⟨

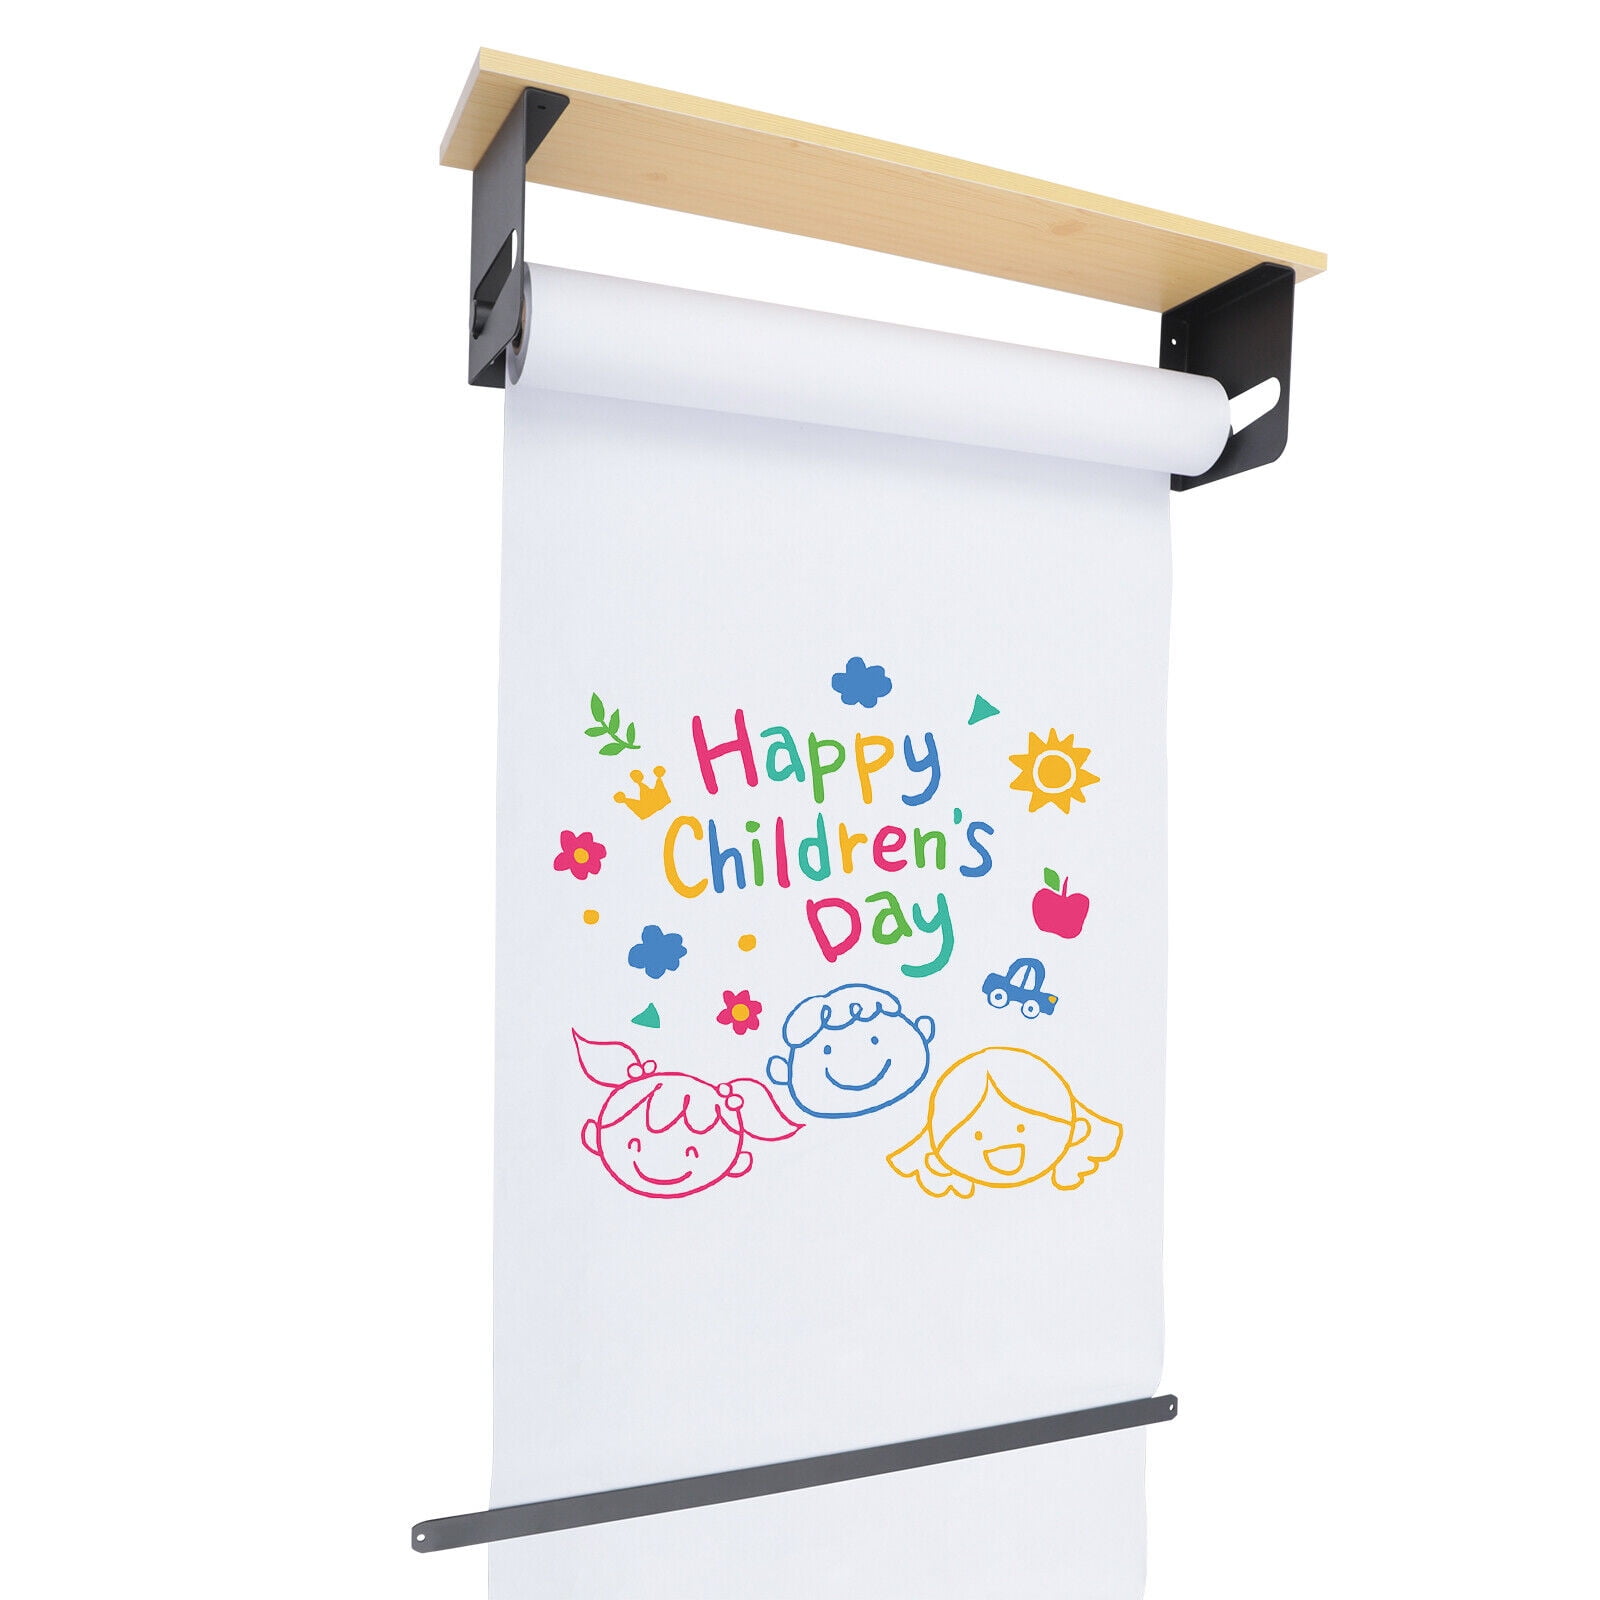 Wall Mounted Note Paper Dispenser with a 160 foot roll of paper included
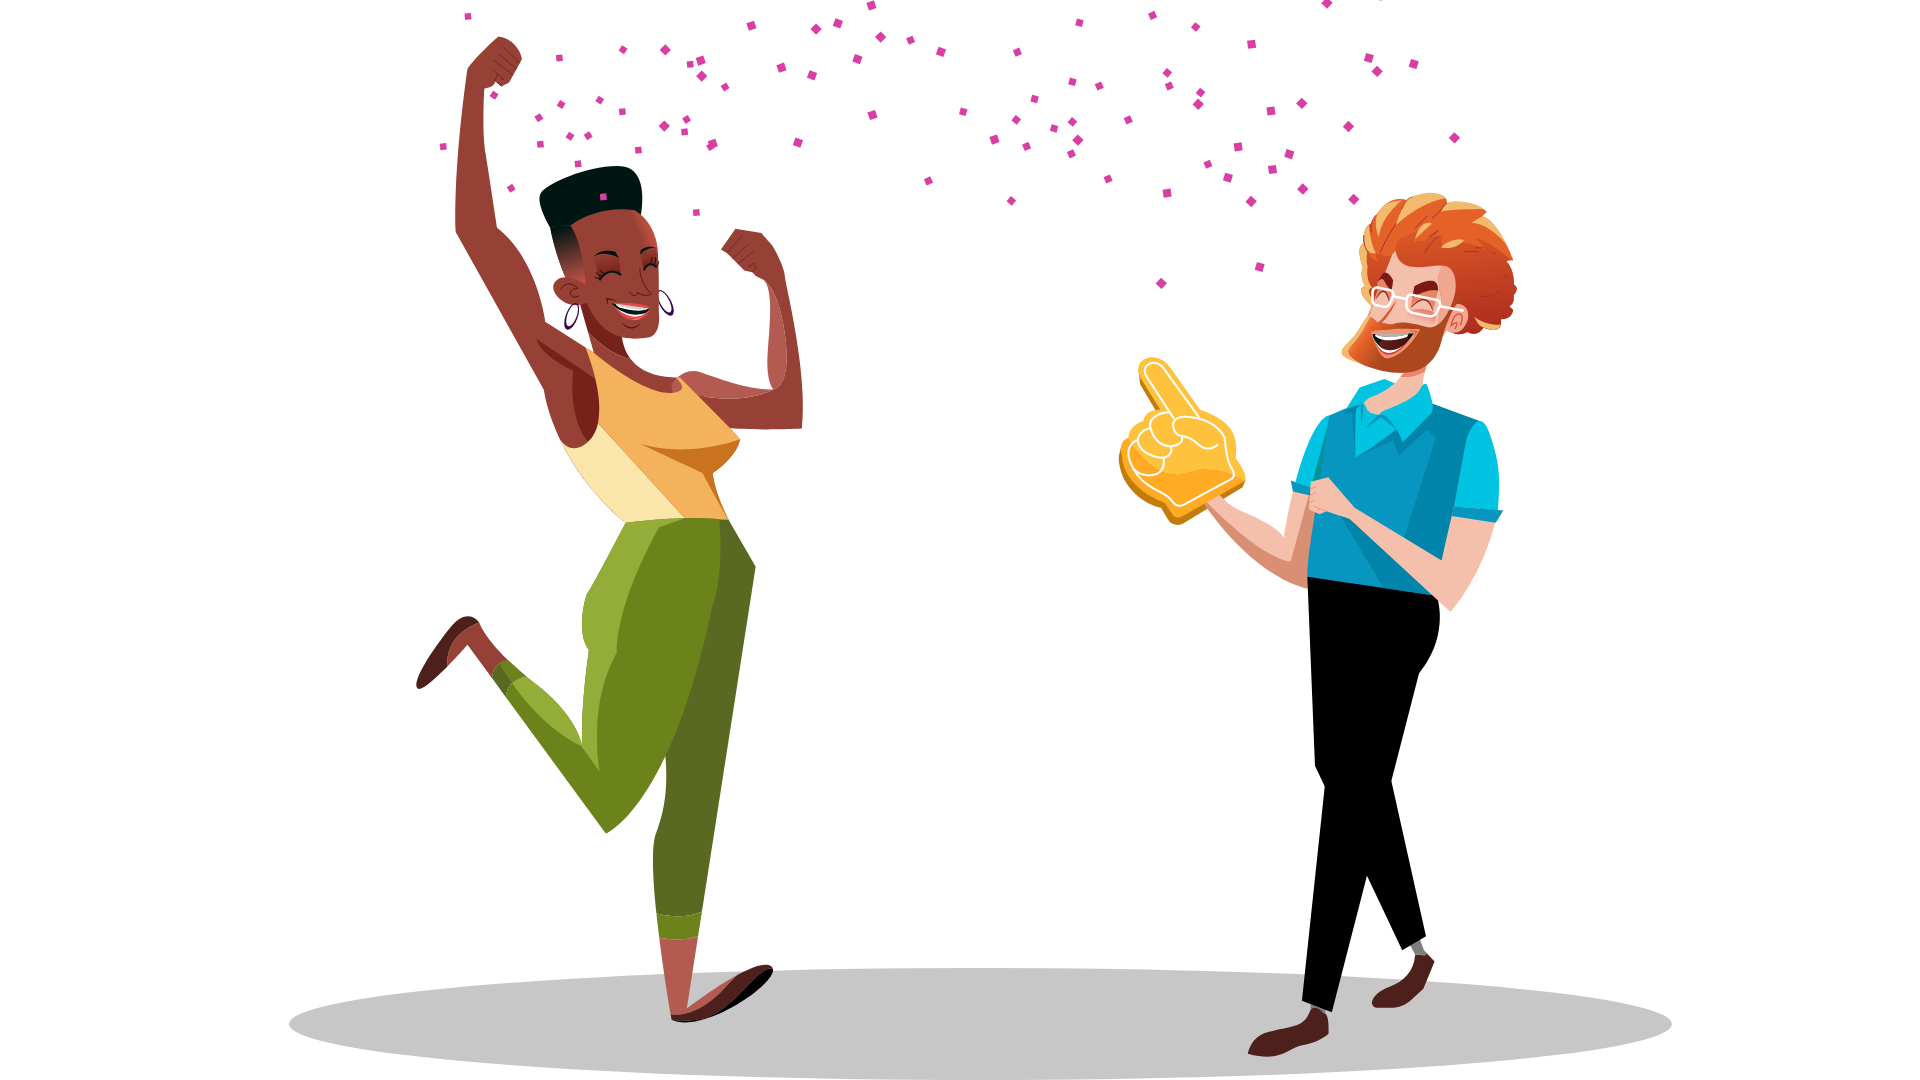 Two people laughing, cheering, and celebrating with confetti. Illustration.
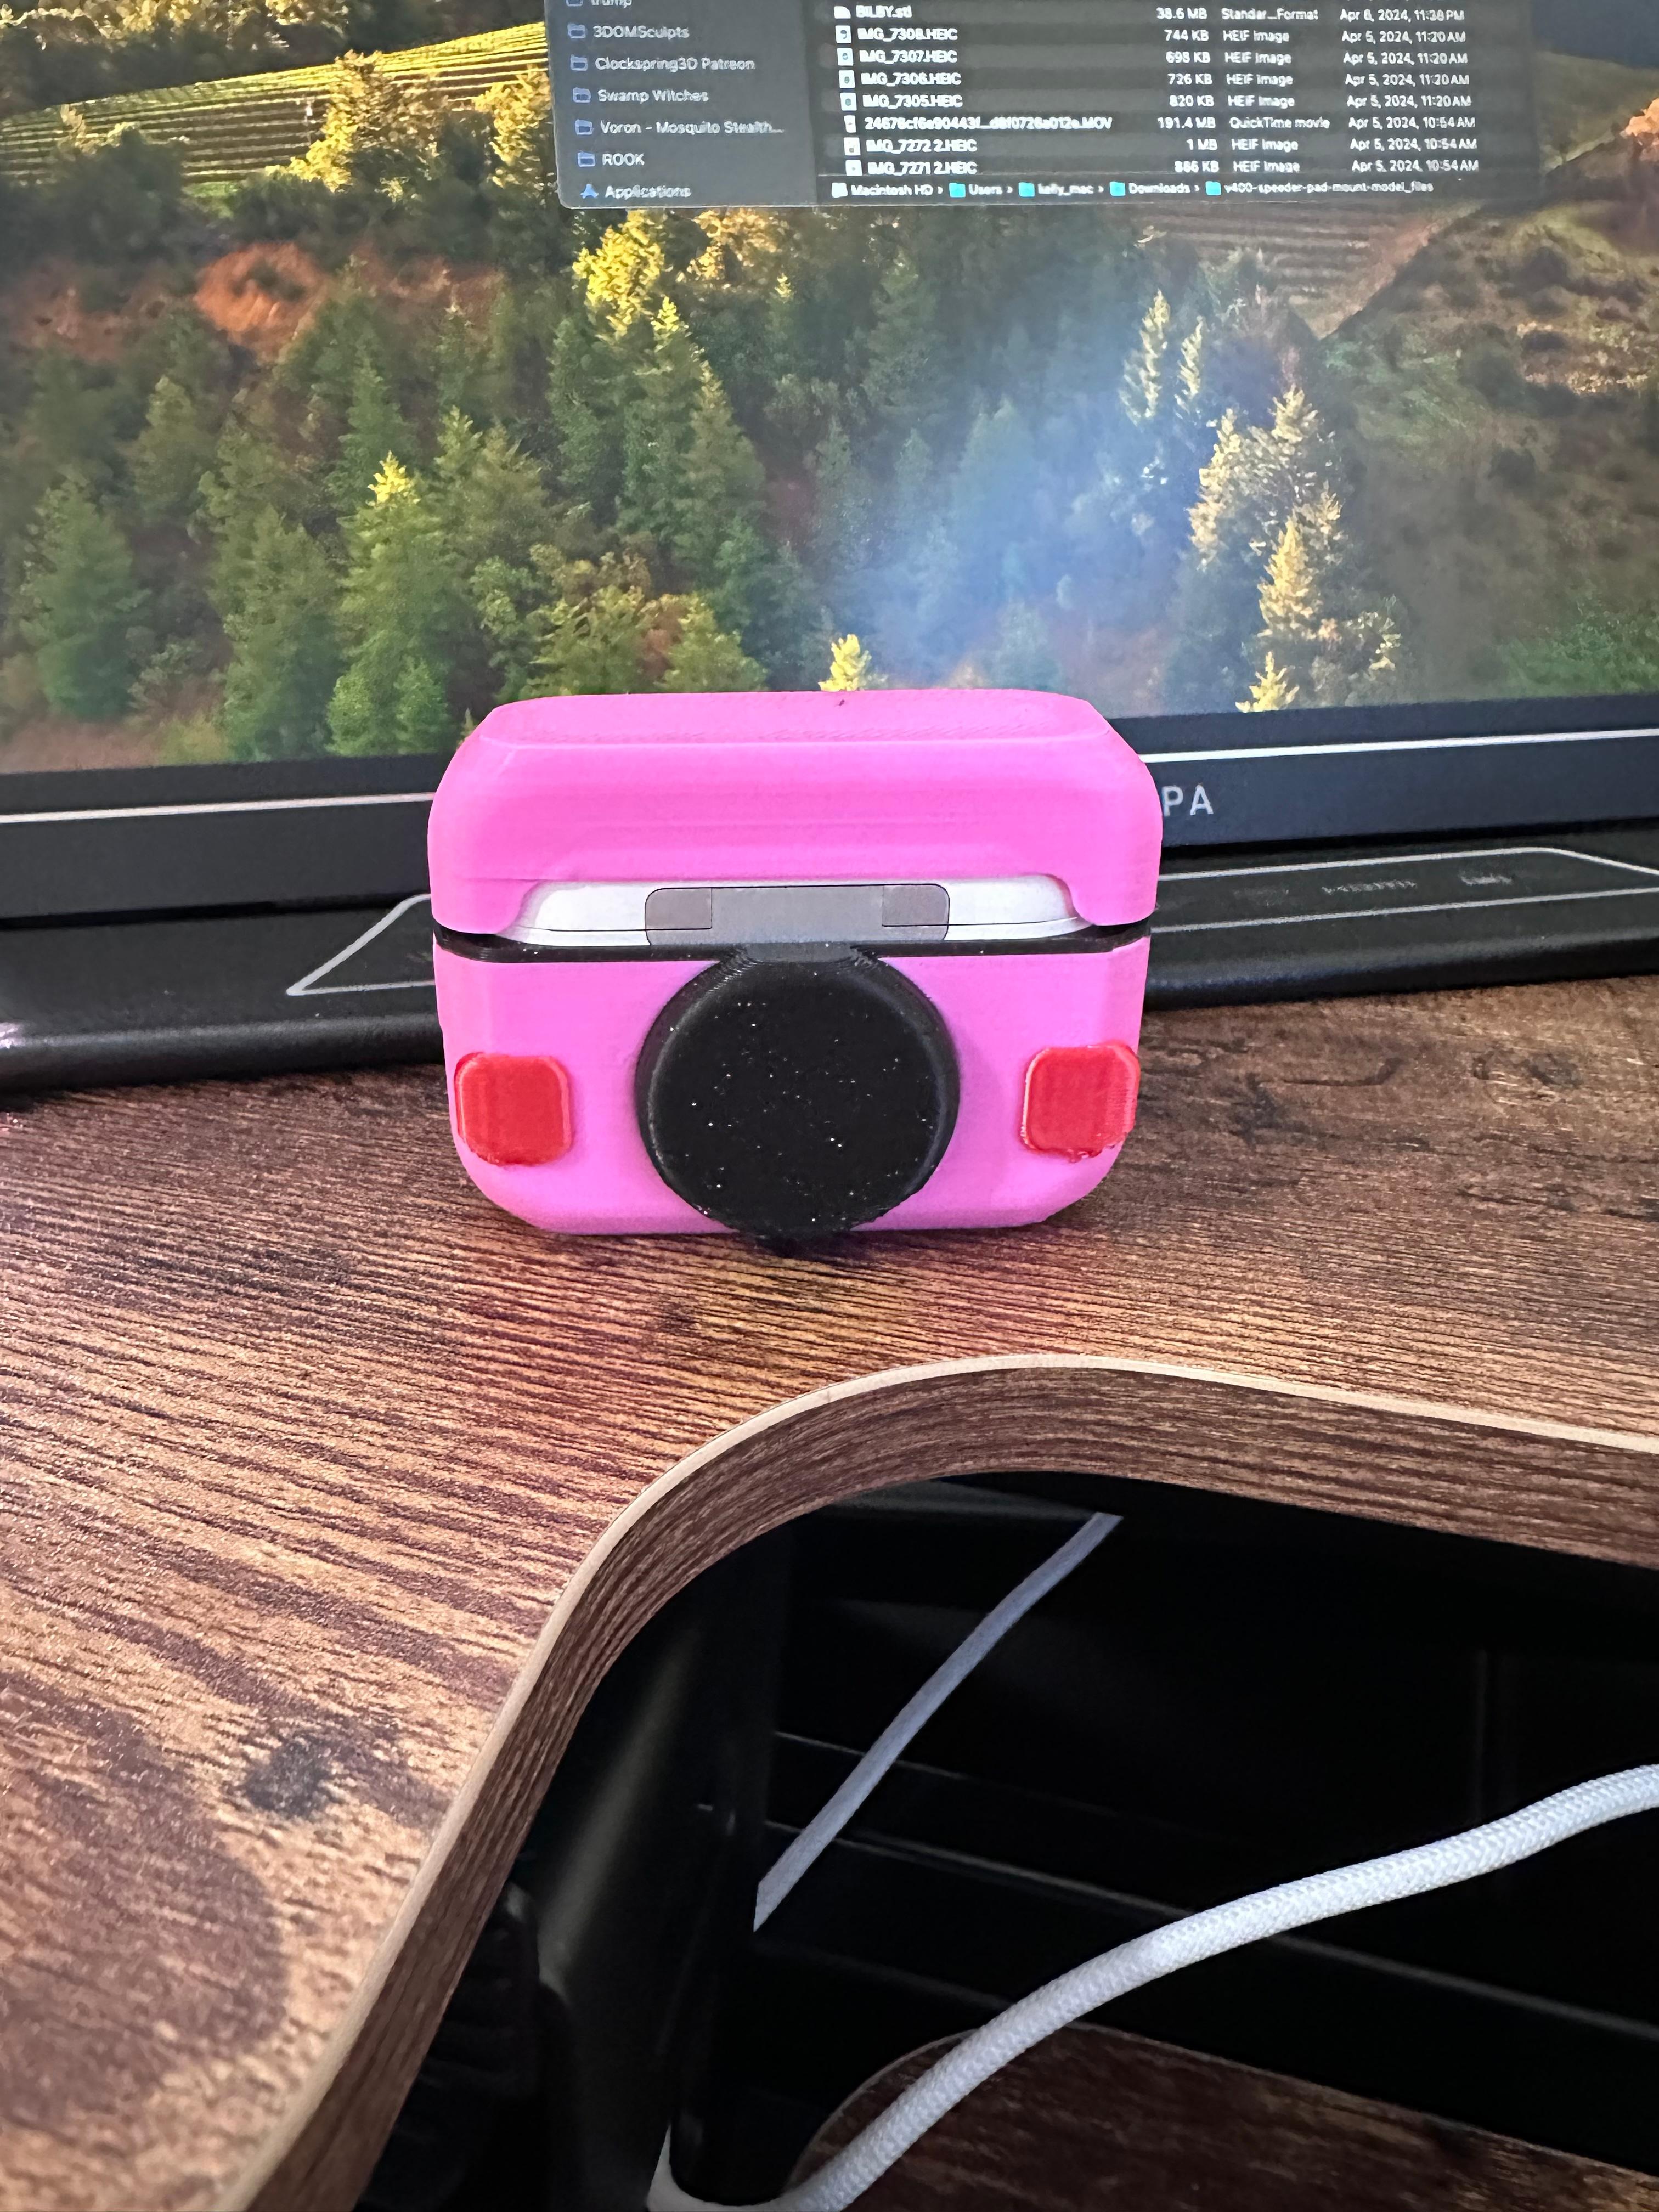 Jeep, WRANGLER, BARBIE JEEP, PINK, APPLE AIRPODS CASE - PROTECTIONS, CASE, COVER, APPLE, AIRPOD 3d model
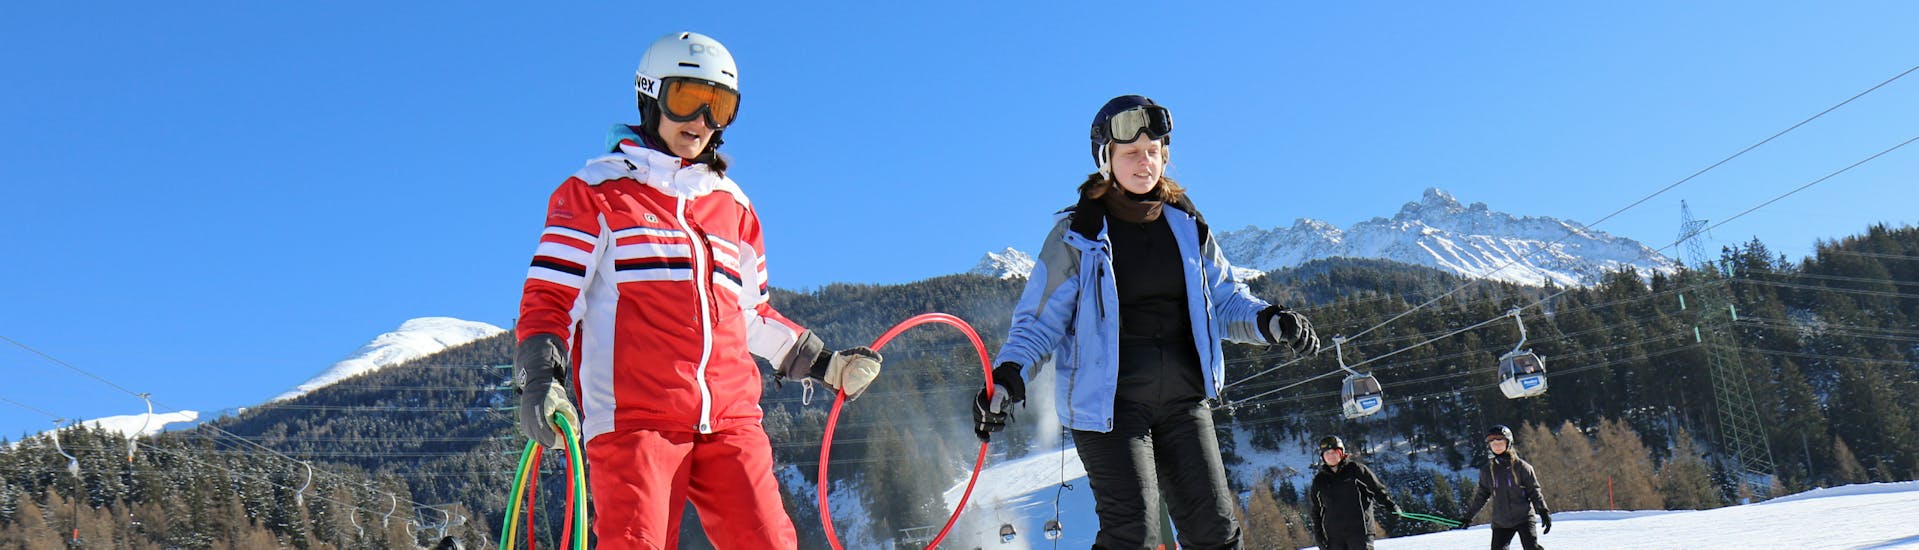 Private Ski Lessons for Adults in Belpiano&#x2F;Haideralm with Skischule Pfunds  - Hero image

⟩

Goal of the exercise: Everything from the line with "Jeep, WRANGLER, BARBIE" through the last line above must be repeated exactly, except the pictures.

Response to the exercise:
 Jeep, WRANGLER, BARBIE JEEP, PINK, APPLE AIRPODS CASE - PROTECTIONS, CASE, COVER, APPLE, AIRPOD 3d model
 Private Ski Lessons for Adults in Belpiano&#x2F;Haideralm with Skischule Pfunds  - Hero image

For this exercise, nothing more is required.